History offers many examples of technologies that remade the workplace by eliminating jobs and mechanizing entire industries. Still, few “disruptors” have bred angst quite like artificial intelligence (AI).
AI refers to the ability for computers to act independent of human instruction. Informed through machine learning, AI couples the ability to recognize patterns in data and thus make accurate predictions. It also involves the ability to recalibrate, learning from missteps. The implications are vast. But unlike past technologies, AI is really just beginning to make its way into the workplace, and already many are in a frenzy over the impact.
Select business advisories have taken to declarations like AI solutions are “fundamentally reinventing how businesses run, compete and thrive.” Meanwhile, critics of AI have taken to conjuring darker visions of robot overlords.
One of the most well known examples of AI is Watson, the IBM computer system that leapt to fame by winning the game show Jeopardy in 2011. Since then, there have been a series of TV commercials with Watson cast as a sort of philosopher-king of technology paired alongside the mortal likes of Bob Dylan and Serena Williams. However, getting Watson to solve real world problems has produced mixed results at best. This year M.D. Anderson Cancer Center ended its partnership with Watson Health.
It seems Watson was overbilled. The MIT Technology Review noted that the present chorus of doubters regarding Watson are not so much chiming about the failure of AI technology, but rather expressing “a reaction to IBM’s overly optimistic claims of how far Watson would be by now.”

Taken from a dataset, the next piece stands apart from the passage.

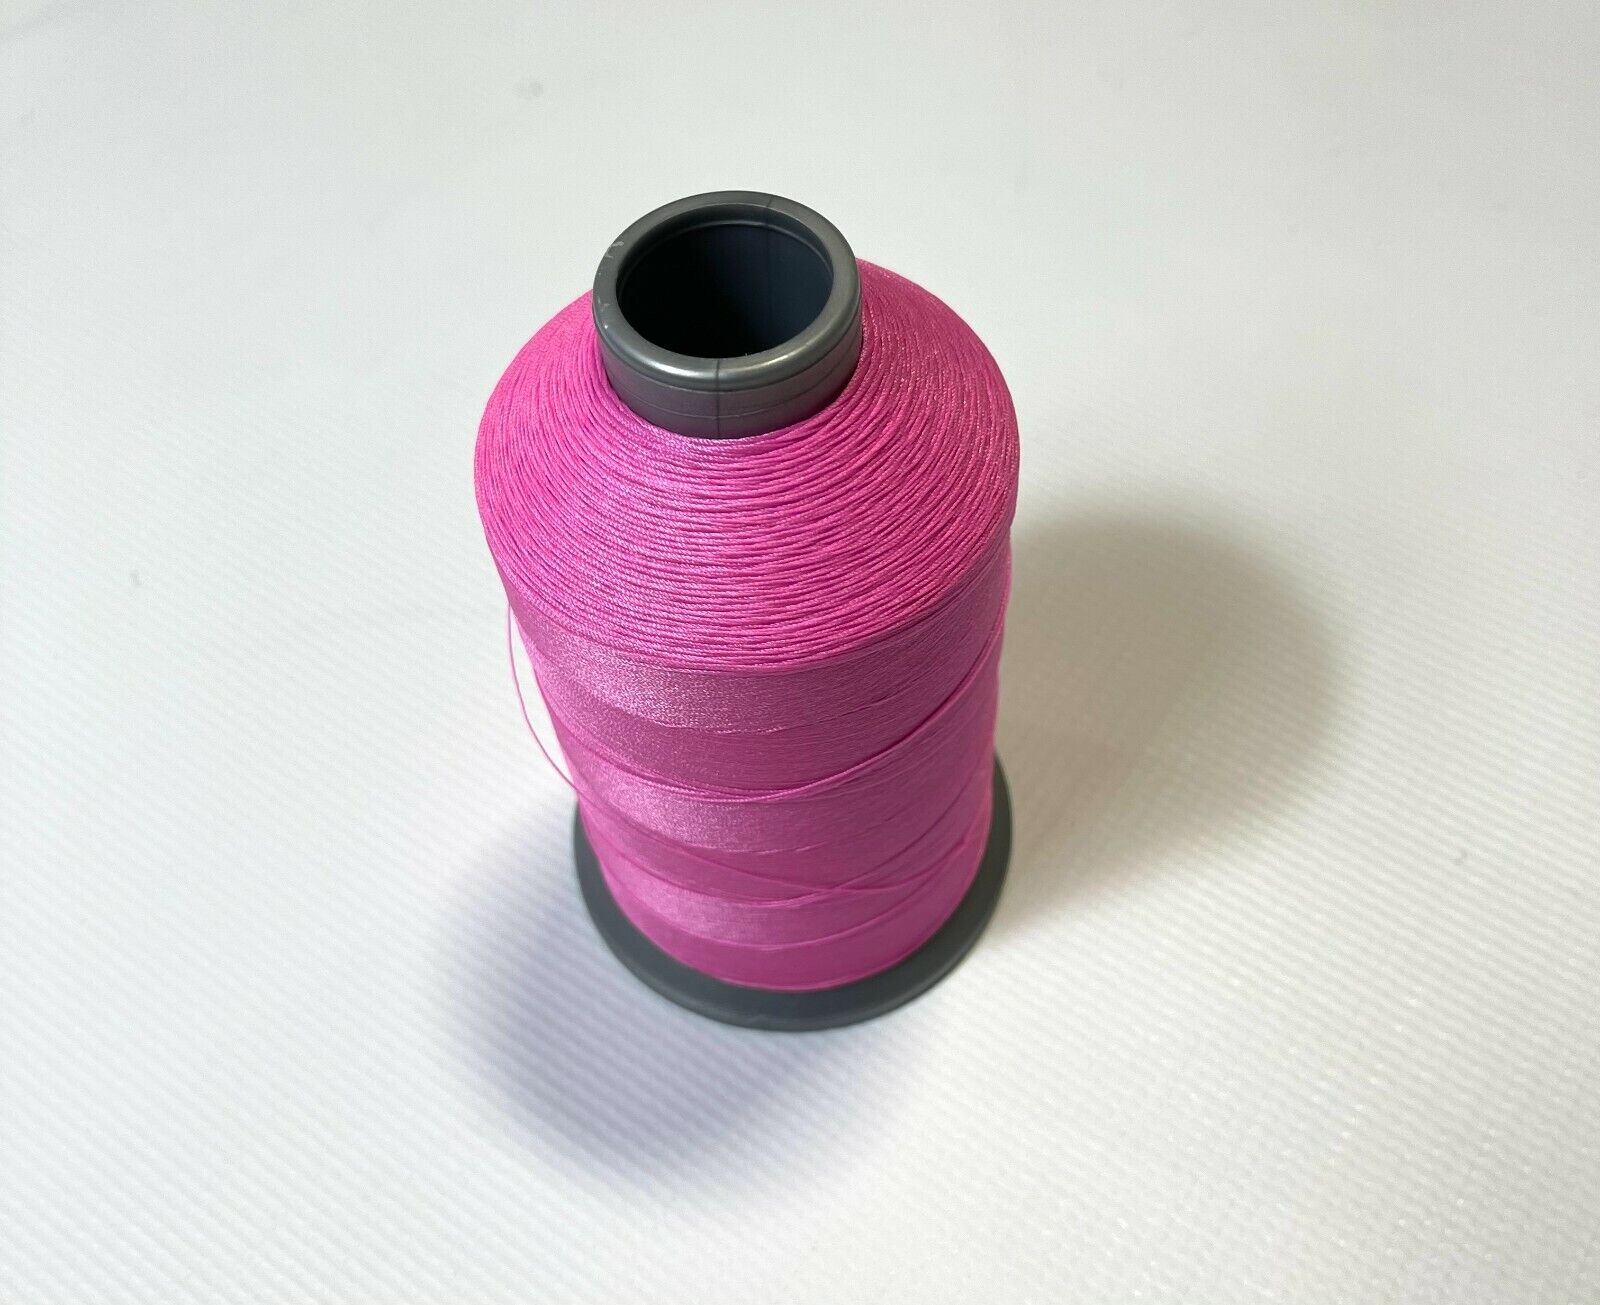 Nylon Sewing Thread Pink Passion One 8oz Spool T70 Bonded 3000 Yards #69 N69

More generally, AI does not appear to be the technology that will reshape business in the near term. According to a 2017 survey conducted by KPMG (.pdf), when it comes to technologies that will drive business innovation over the next three years AI comes in third, behind the Internet of Things (IoT) and robotics. However, as the report notes, it is likely to be the convergence of these technologies together that has the most disruptive impact going forward.
Like other disruptors, the slow immersion of AI into the world owes to economic reality. Today the cost of deploying AI solutions remains relatively high, and it can be difficult to find people with the right skills. Harnessing AI’s predictive power depends on costs coming down and making it easier for companies to implement into real-world situations. As the Wall Street Journal’s Greg Ip noted in a recent column, “Treating prediction as an input into an economic process makes it much easier to map AI’s impact.”

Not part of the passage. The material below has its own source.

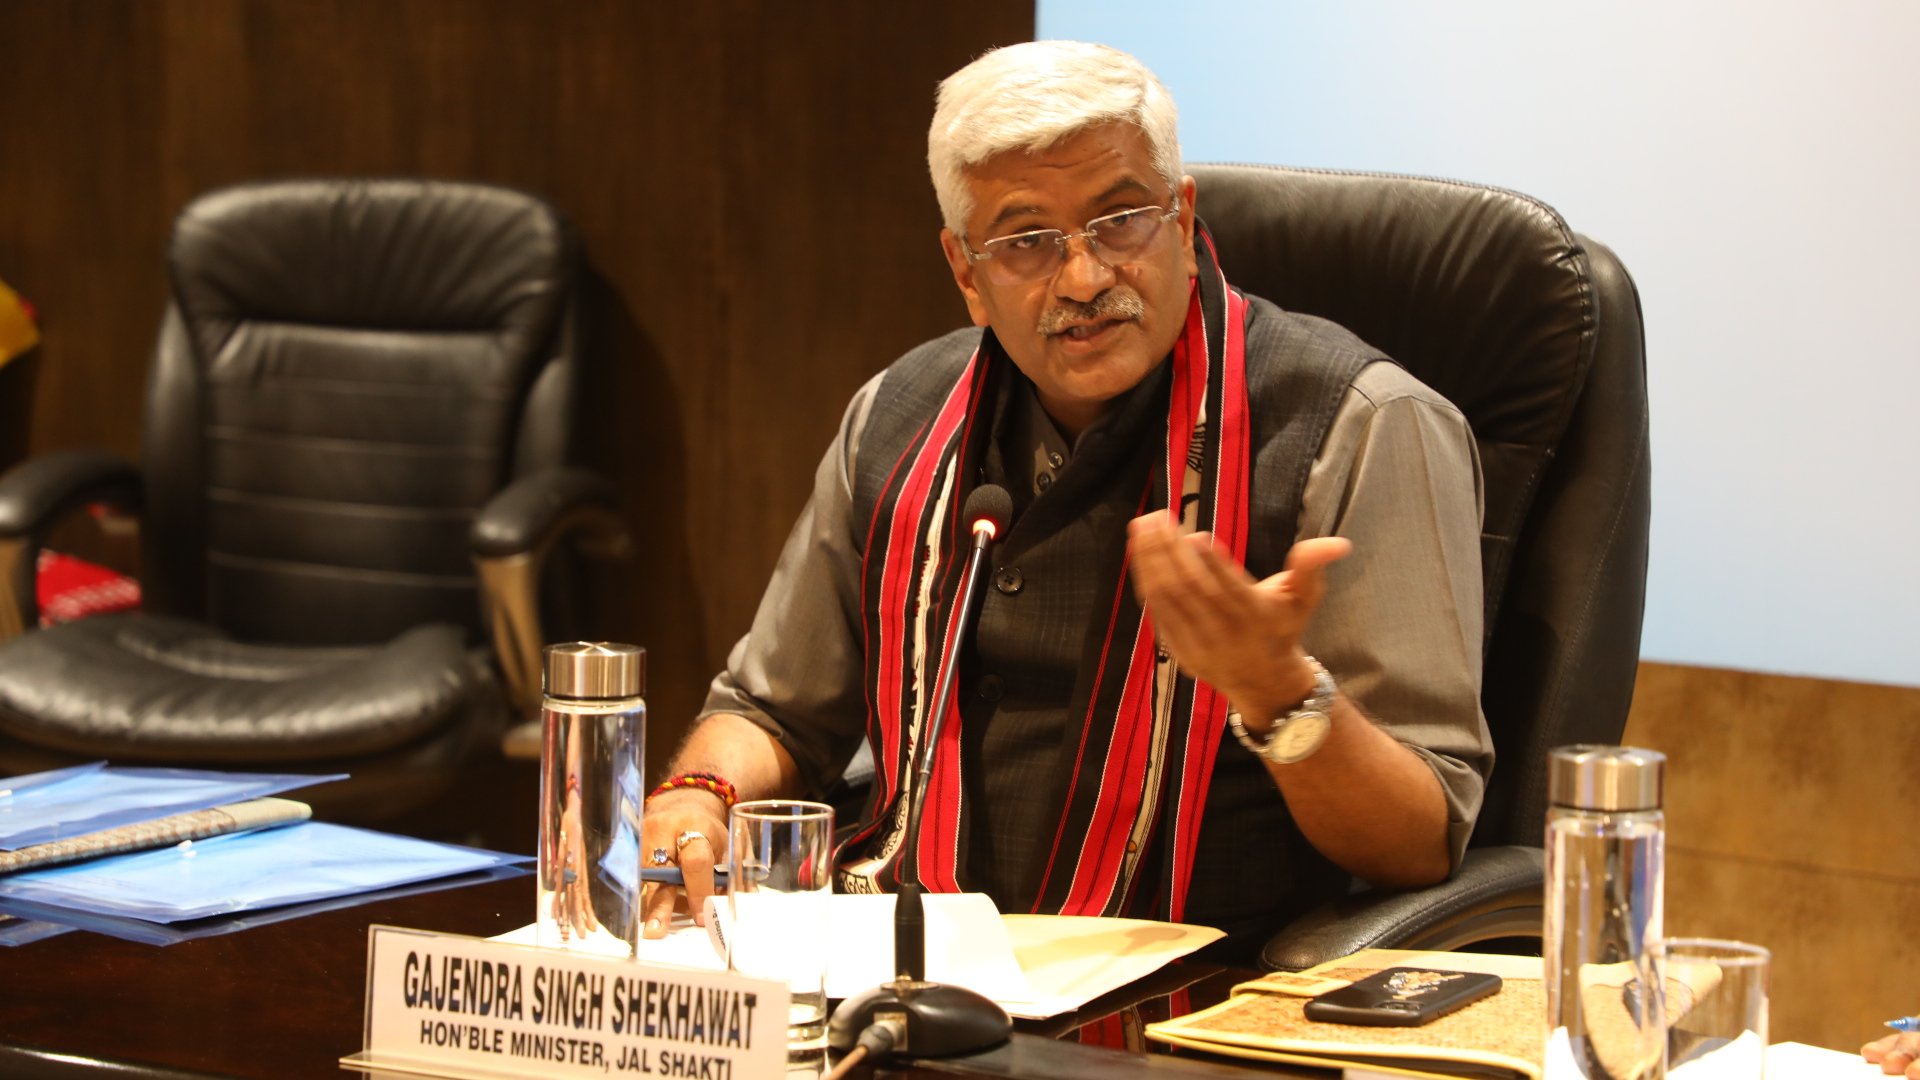 Gajendra Singh Shekhawat chairs Conference of CMs / Ministers of Water Resources of NER on the North East Water Management Authority draft Bill - Odisha Diary

However, despite expressing caution about the dramatic promises some analysts are making about AI, for the software development industry there will be some major changes coming our way. It promises to impact both software development and testing. Thanks to its ability to rapidly sift data and assign probabilities to outcomes, AI will significantly improve software testing and feedback, as well as help developers create better software using AI-based functionality.

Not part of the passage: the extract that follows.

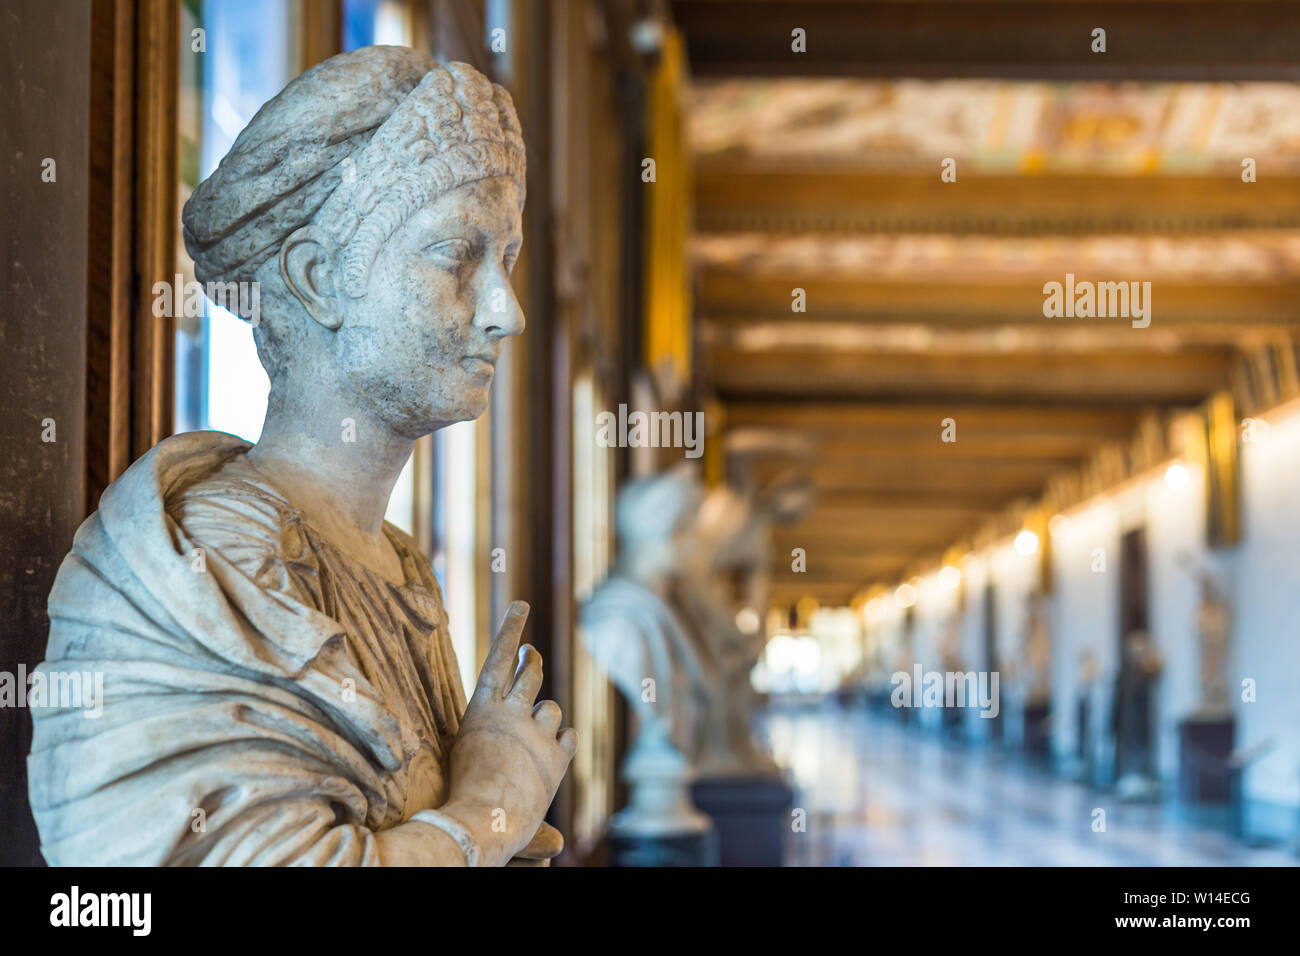 Florence, Italy - September 25, 2016: Statue in the hallway of Uffizi Gallery, one of the oldest and most famous art museums of Europe. Stock Photo

Moreover, the path to the AI era is not a cobblestone of mystical skills. Machine learning, and thus AI, both rely heavily on programming with Python, because of its ease of use with data libraries. The biggest change is rather the need for software developers to change their mindset when working with AI.
Rather than fearing AI, software firms in particular are well situated to benefit from the gains in testing efficiency, and improvements in software development, that it promises.